Exhibit 99.1


News Release



Investor and Media Contacts:


Laura Zobkiw


Peter Davis

Corporate Communications & Investor Relations


Chief Financial Officer

(510) 204-7200


(510) 204-7200


XOMA Reports 2003 Year-end Financial Results


RAPTIVA Approval, XMP.629 Clinical Progress in Acne and

New Product Collaborations Among 2003 Highlights


Berkeley, CA – March 15, 2004 — XOMA Ltd. (Nasdaq: XOMA), a biopharmaceutical development company, today announced its financial results for the year ended December 31, 2003.


For the year ended December 31, 2003, the Company recorded a net loss of $58.7 million or $0.78 per share compared with $33.2 million or $0.47 per share in 2002.




Total revenues for 2003 were $24.4 million compared with $29.9 million in 2002. License fee revenues in 2003 increased to $18.9 million from $16.9 million in 2002. These revenues include up front and milestone payments related to technology outlicensing and other collaborative arrangements. The increase in license fee revenues from 2002 to 2003 primarily reflects a $10.0 million contract termination from Baxter Healthcare Corporation related to the NEUPREX® product, which was partially offset by the recognition as revenue in 2002 of non-recurring license agreement fees with MorphoSys AG and Cambridge Antibody Technology Limited. Revenues from contract services were $5.4 million in 2003, as compared to $13.1 million in 2002. These revenues related primarily to service arrangements with Baxter and Onyx Pharmaceuticals, Inc. The decline in these revenues from 2002 to 2003 primarily reflects termination of the collaboration with Onyx on Onyx-015.




Research and development expenses for 2003 increased to $57.5 million compared with $42.6 million for 2002. The increase from 2002 to 2003 reflected increased spending related to RAPTIVA, the Millennium collaboration products, XOMA’s XMP.629 topical acne compound and new product research. This increase was partially offset by reduced spending on Onyx-015, NEUPREX® and ING-1.


Marketing, general and administrative expenses for 2003 increased to $24.5 million compared with $19.4 million for 2002. The increase of $5.1 million from 2002 to 2003 related to increased spending for pre-launch activities for RAPTIVA, partially offset by reduced legal expenses as a result of litigation concluded in 2002.


The Company expects to record a higher loss in 2004, reflecting increased selling and marketing expenses in support of the launch of RAPTIVA, as well as increased spending in support of its XMP.629 topical acne program, the TPO mimetic antibody program initiated with Alexion Pharmaceuticals, Inc. in December of 2003 and new product research, including the cancer antibody program announced with Chiron Corporation in March of 2004.

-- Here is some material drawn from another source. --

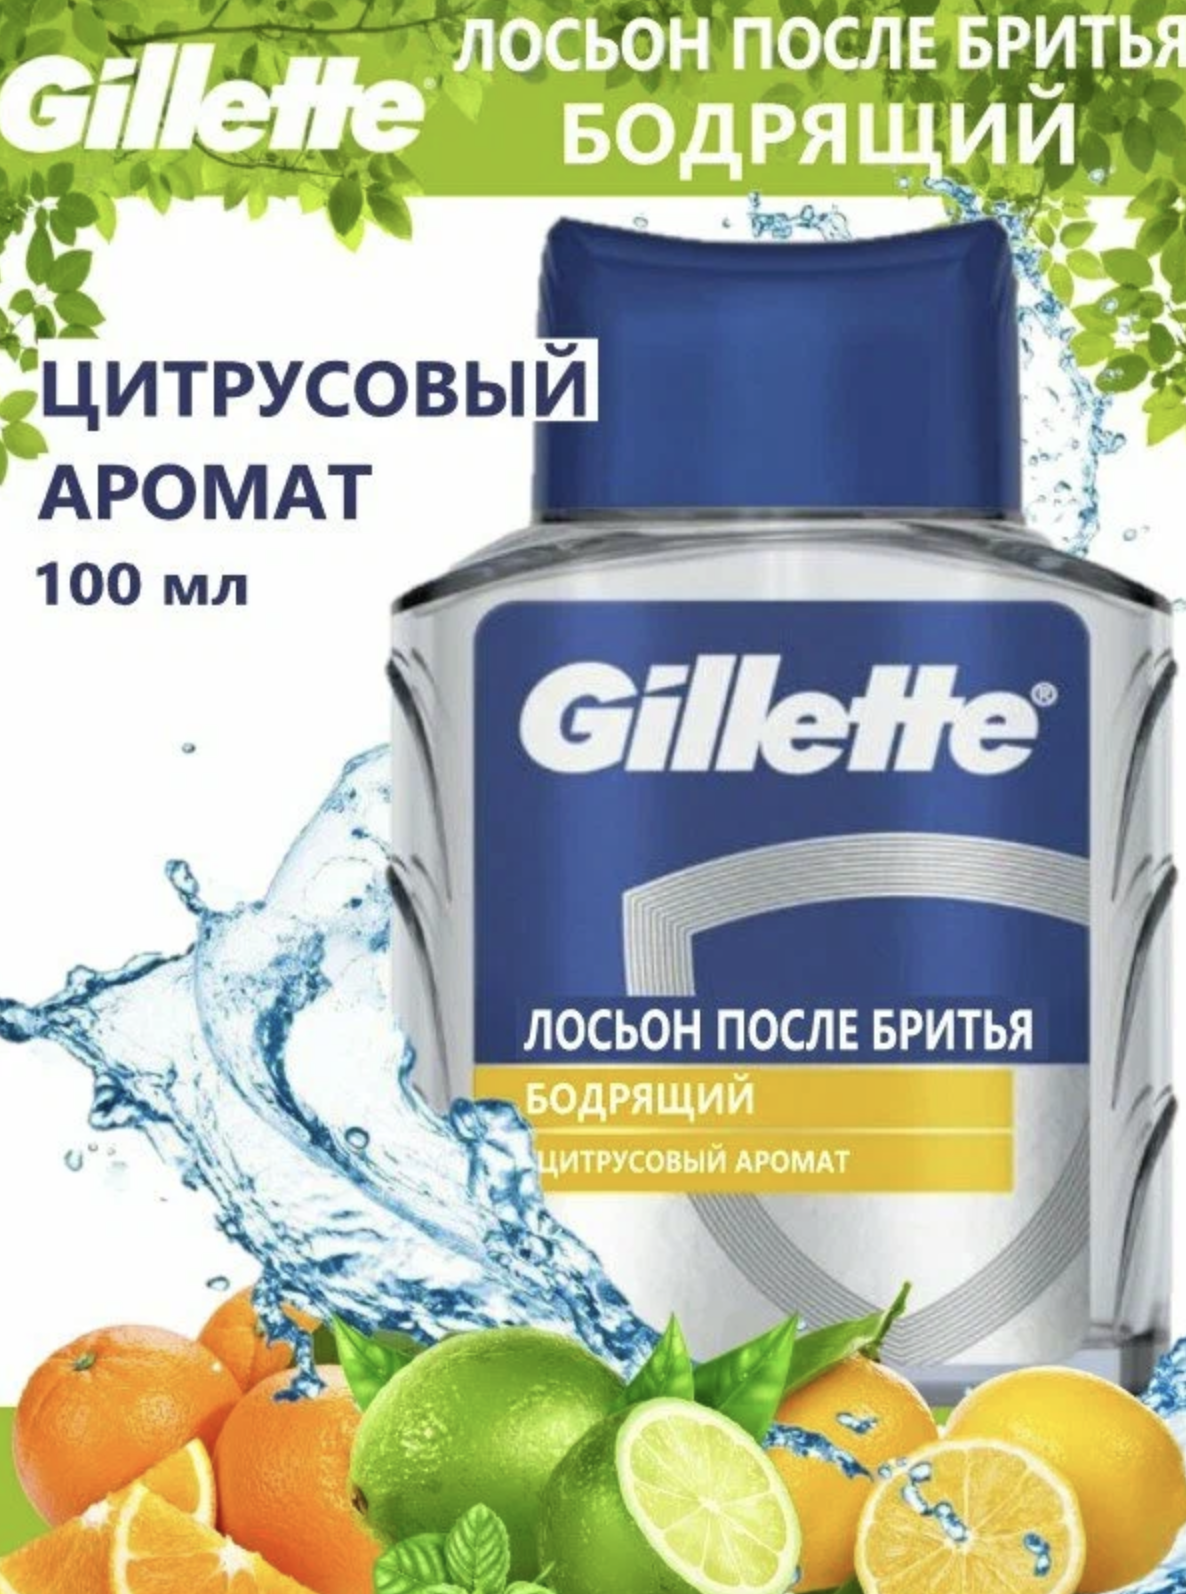   / Gillette -       100

Liquidity and Capital Resources


In September of 2003, XOMA successfully completed an underwritten public offering of nine million common shares for gross proceeds of $72.0 million. In October of 2003, the underwriters exercised their over-allotment option to purchase an additional 1.35 million shares for $10.8 million, bringing the total gross proceeds to $82.8 million. In November of 2003, the Company exercised its right to defer $40.0 million of its development loan obligation to Genentech and to pay the remaining balance of approximately $29.6 million in preference shares that are convertible to approximately 3.8 million common shares at a price of $7.75 per share. In March of 2004, the Company announced a collaboration agreement with Chiron to develop multiple therapeutic cancer antibody products. The arrangement includes a 70-30 cost and profit sharing arrangement, with XOMA’s share being 30 percent. In addition, XOMA receives an initial payment of $10 million and a loan facility of up to $50 million to fund up to 75 percent of its share of development expenses. Chiron’s profit share is subject to a limited upward adjustment which in turn may be reduced if XOMA achieves certain milestones or if Chiron elects to extend the program.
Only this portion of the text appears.